First Tennessee Development District planning to use foundation for regional economic development

Pictured above: Pat Hardy

By Scott Robertson

Six individuals representing the governments of the cities, towns and counties of Northeast Tennessee are working on a plan to use the First Tennessee Development District Foundation as a regional economic development hub. FTDD Executive Director Chris Craig and Retired FTDD Executive Director Susan Reid are working with Sullivan County Mayor Richard Venable, Washington County Mayor Joe Grandy, Bristol Mayor Margaret Feierabend and Johnson City Mayor Jenny Brock on the proposal.

The group was named at the end of a day-long board retreat at the Clyde Austin 4-H Center in Greene County Friday afternoon. Around half of the district’s 34-member board, composed mostly of city, town and county mayors from the eight counties of Northeast Tennessee, attended.
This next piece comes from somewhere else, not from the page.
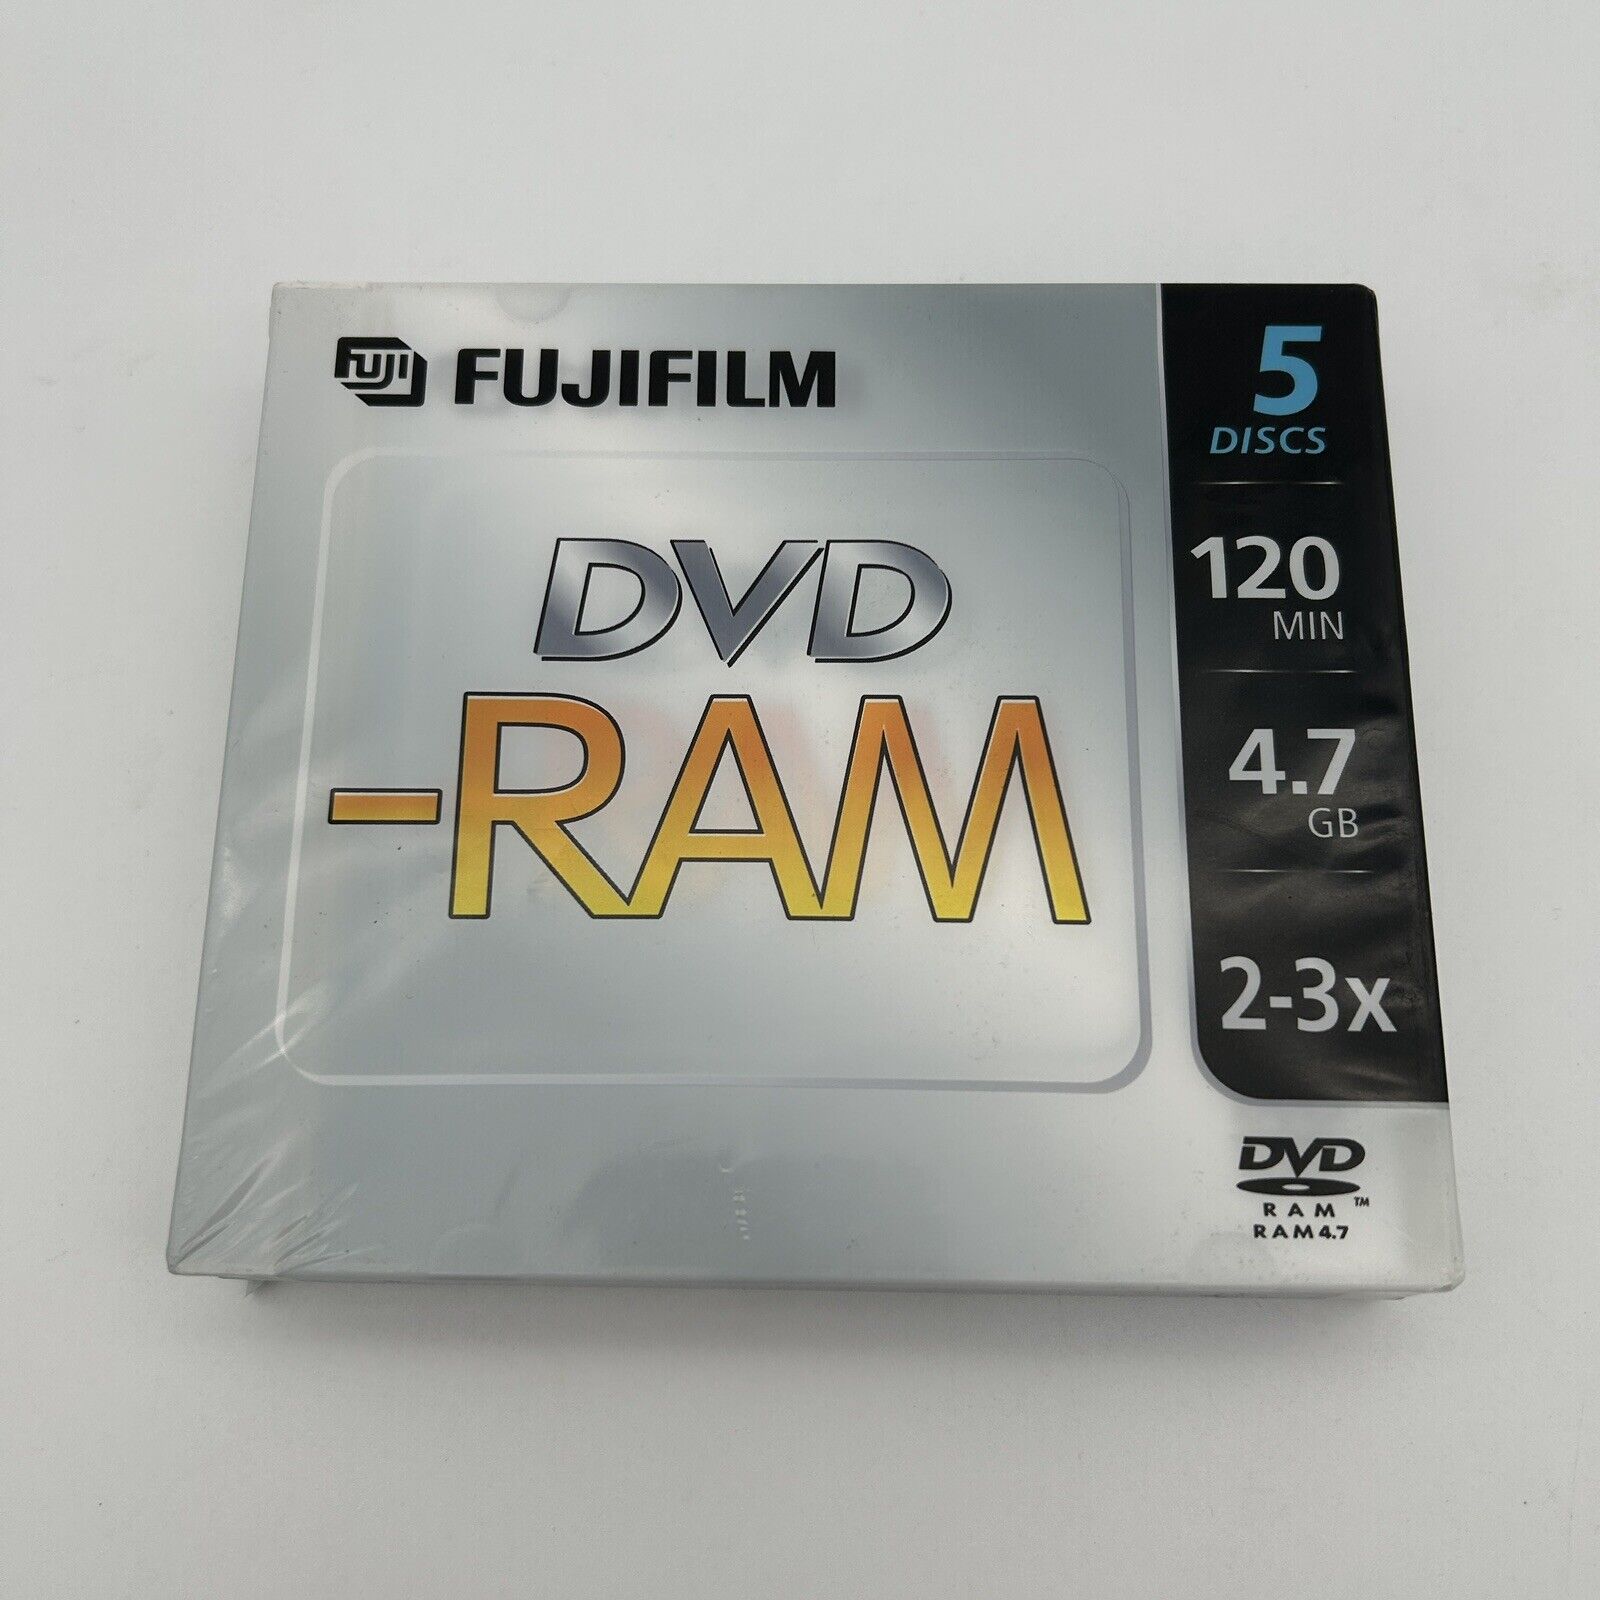 Fujifilm 5 Pack DVD-RAM 120 Minute, 4.7 GB, Rewritable Disc for Data and Video
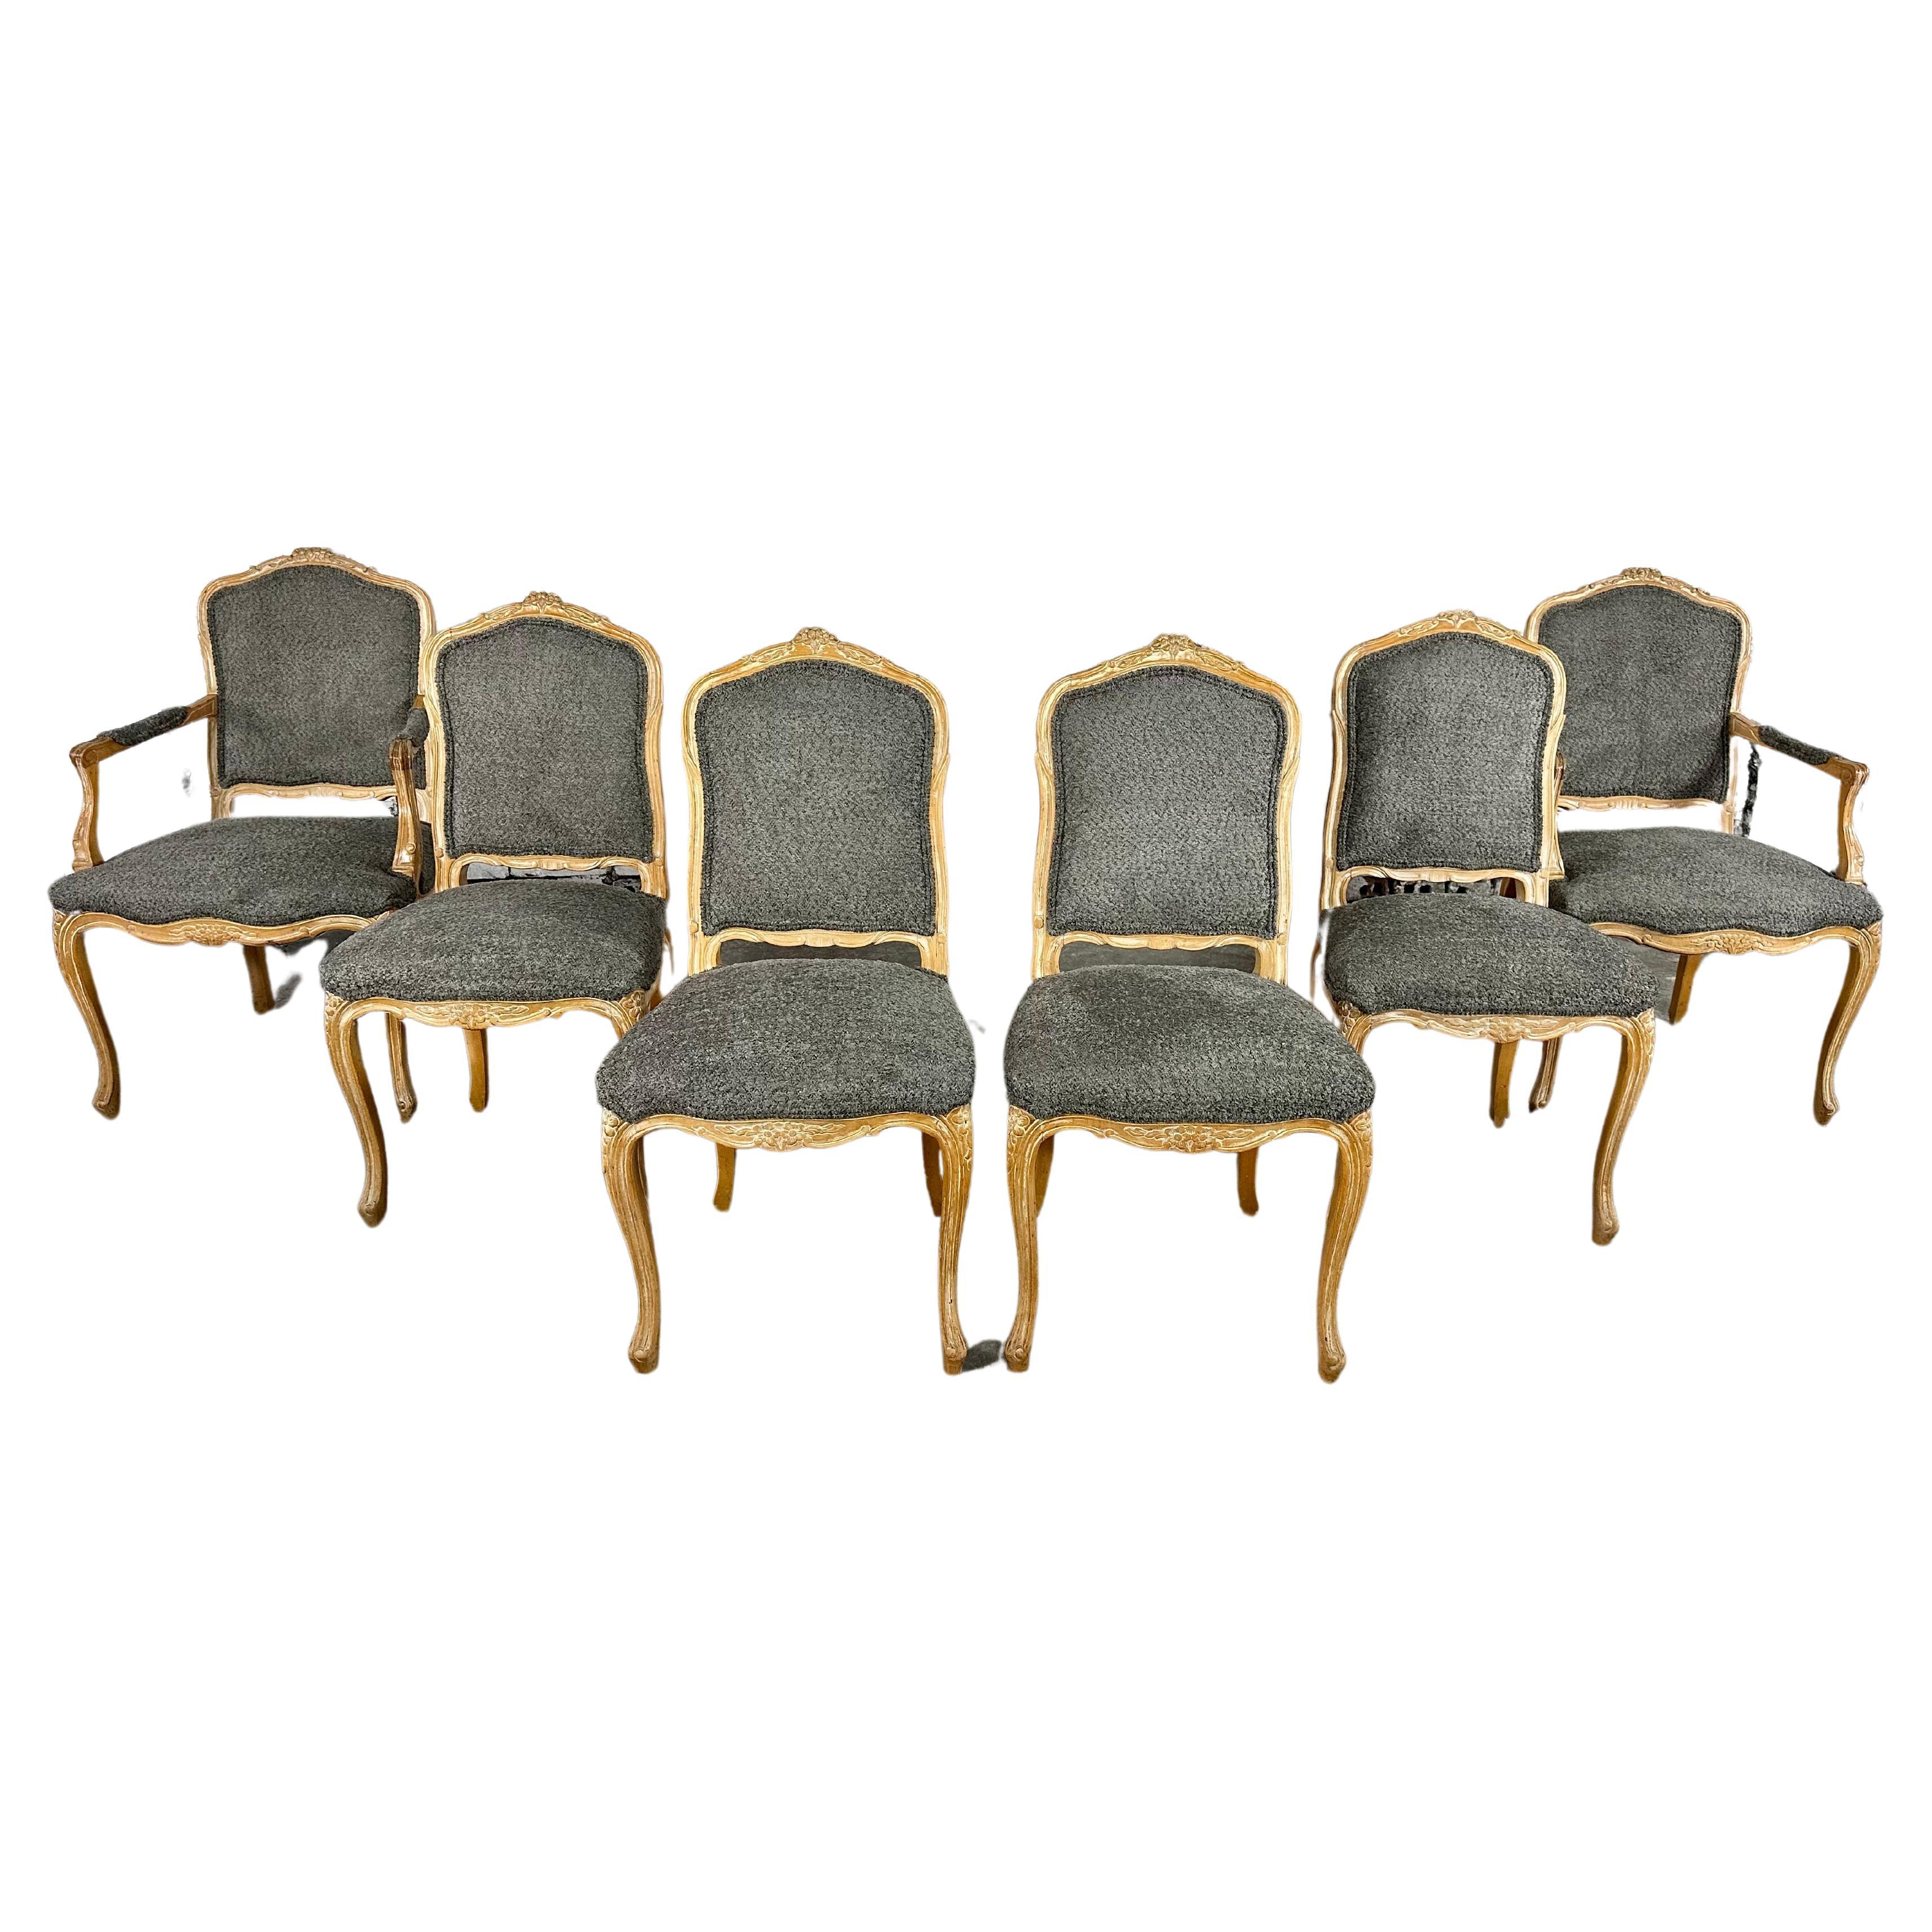 Set of 6 Reupholstered French Louis XV Dining Chairs

The session began with an address and question and answer session with Mark Fuller, the ROSC Global consultant hired by Eastman to help the region move forward on regional economic development. Fuller impressed upon the board members the need for a regional economic engine to be a public-private partnership with private sector leadership.

The board then worked on a vision statement for a regional economic development hub before getting down to matters of structure. Led by facilitator Pat Hardy, management & finance consulting program manager for the University of Tennessee’s Municipal Technical Advisory Service, the board settled on a structure centered around the district’s three-year-old foundation, which operates as a 501 (c) 3 not-for-profit.

“We need to flesh this out,” Hardy said. “Who does what? We need a draft of who those people are and where they’re coming from. We can flesh out potential costs, roles and responsibilities. I think it needs to be articulated within this framework that it doesn’t duplicate what the Mitch Millers of the world (Ed. Note: Miller is CEO of the Northeast Tennessee Regional Economic Partnership and a FTDD board member) and the other agencies that work with the state. We don’t want a sense of duplication and we don’t want a sense of turf and all that.”

“Some kind of statutory organization is going to have to be formed for it to function,” said Brock.

When NETWORKS Sullivan Partnership CEO Clay Walker indicated confusion as to how the proposed structure would work with regard to NETWORKS and NeTREP, Hardy indicated that had yet to be fully considered. Feierabend, however, suggested that perhaps the existing organizations no longer needed to pursue a merger with each other, but rather might merge into the new organization.

“There’s still,” Hardy repeated, “a lot to be fleshed out.”